By this time, I’m being called into the editorial office on every single book I… They don’t care which book it is.

[00:45:01]

The book comes out and then this like, you know, I’m called into the editorial office and we have to have some discussion. So, when that book came out… So, a lot of times the books didn’t really get read until they were in make, ready for view, the lower tier books.

And the line was expanding at the time. The only reason these books kind of got to exist is there wasn’t time to go over every single book.

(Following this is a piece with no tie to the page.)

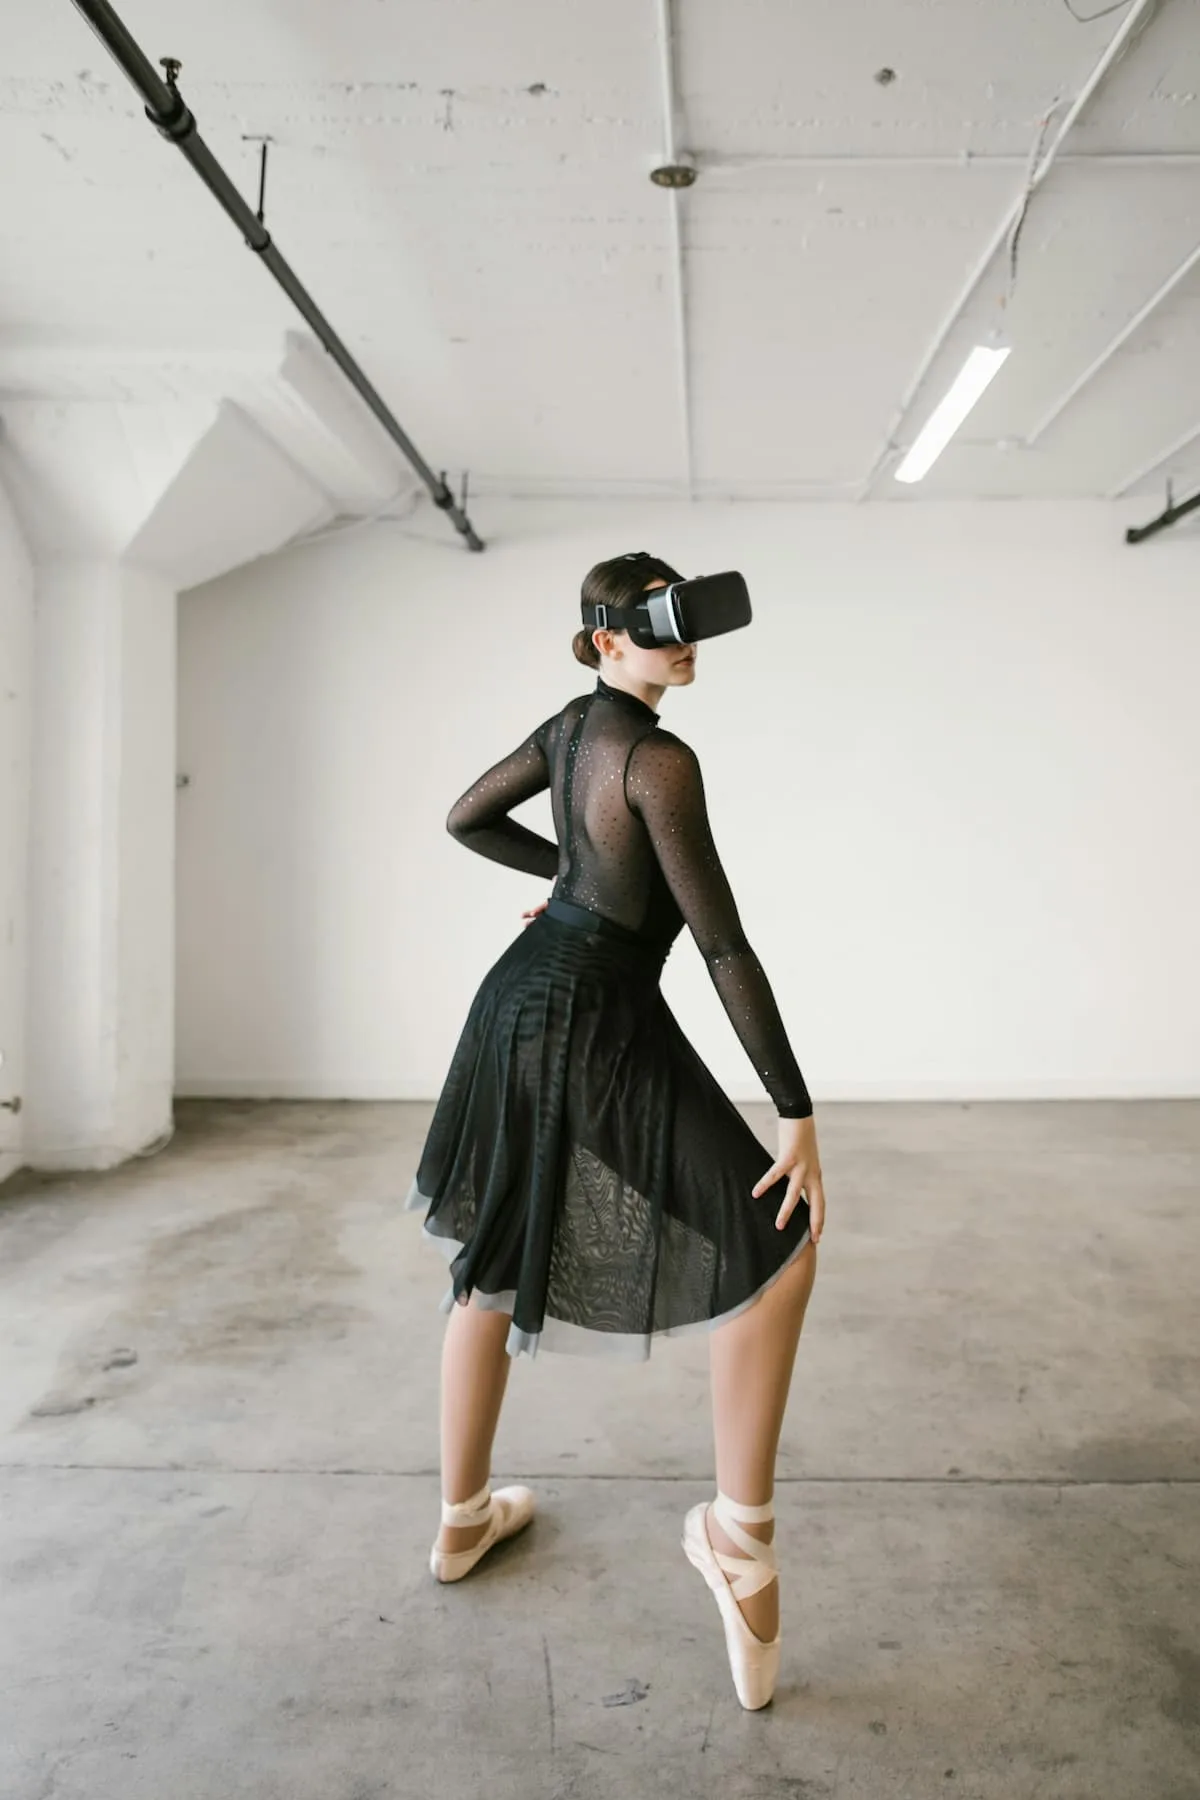 Woman in black transparent dress with VR headset dancing with right Toe forward

And the books that were really being gone over where Spiderman, and the Fantastic Four, the big titles, Thor, or whatever were considered the big titles. These 13-page that became full books later on, they definitely didn’t get the same amount of attention. And now Marvel was expanding into its black and white line, everybody’s always over extended. And so that’s how those stories managed to get through.

But when that book did come out, I remember being called at the editorial, “Look at this! Look at this panel.” And there of course, that last panel was in full color. And I just… “Really? How’d that happen? You guys should be doing a better job. When you guys are editing these books, you’ve got to be doing a better job.” And that probably was getting close to when, like my timeframe there was already limited.

Jim:              I wanted to ask you a question about the entirety of Panther’s Rage for a minute. Alex asked you about EC comics earlier and there’s a lot of aspects of that that seemed like on individual storylines, seemed like they were very EC-influenced in terms of the characters like Macabre. They were grotesque, hard kind of images.

McGregor:   I hadn’t seen that stuff enough of that time to be influenced by. I could promise you EC never entered my mind while I was writing Panther’s Rage. So literally, any other questions you have about it, it just wasn’t there. Just like saying, I didn’t really have the exposure to Will Eisner. Now, later on when I was doing the adaptation for The Moonstone, those adaptations were clearly inspired by Will Eisner. I saw a page that Eisner had done, and said, “Oh, I could get a hundred pages of that novel in the one page of comics, if I do what Will did with his Spirit page. It is exactly inspired by Eisner. There’s places in Zorro’s Lady Rawhide, I can show you sequences in that are clearly influenced by Milton Caniff. Like they’re definitely Caniff inspired. But with Panther’s Rage, there’s no EC in there at all.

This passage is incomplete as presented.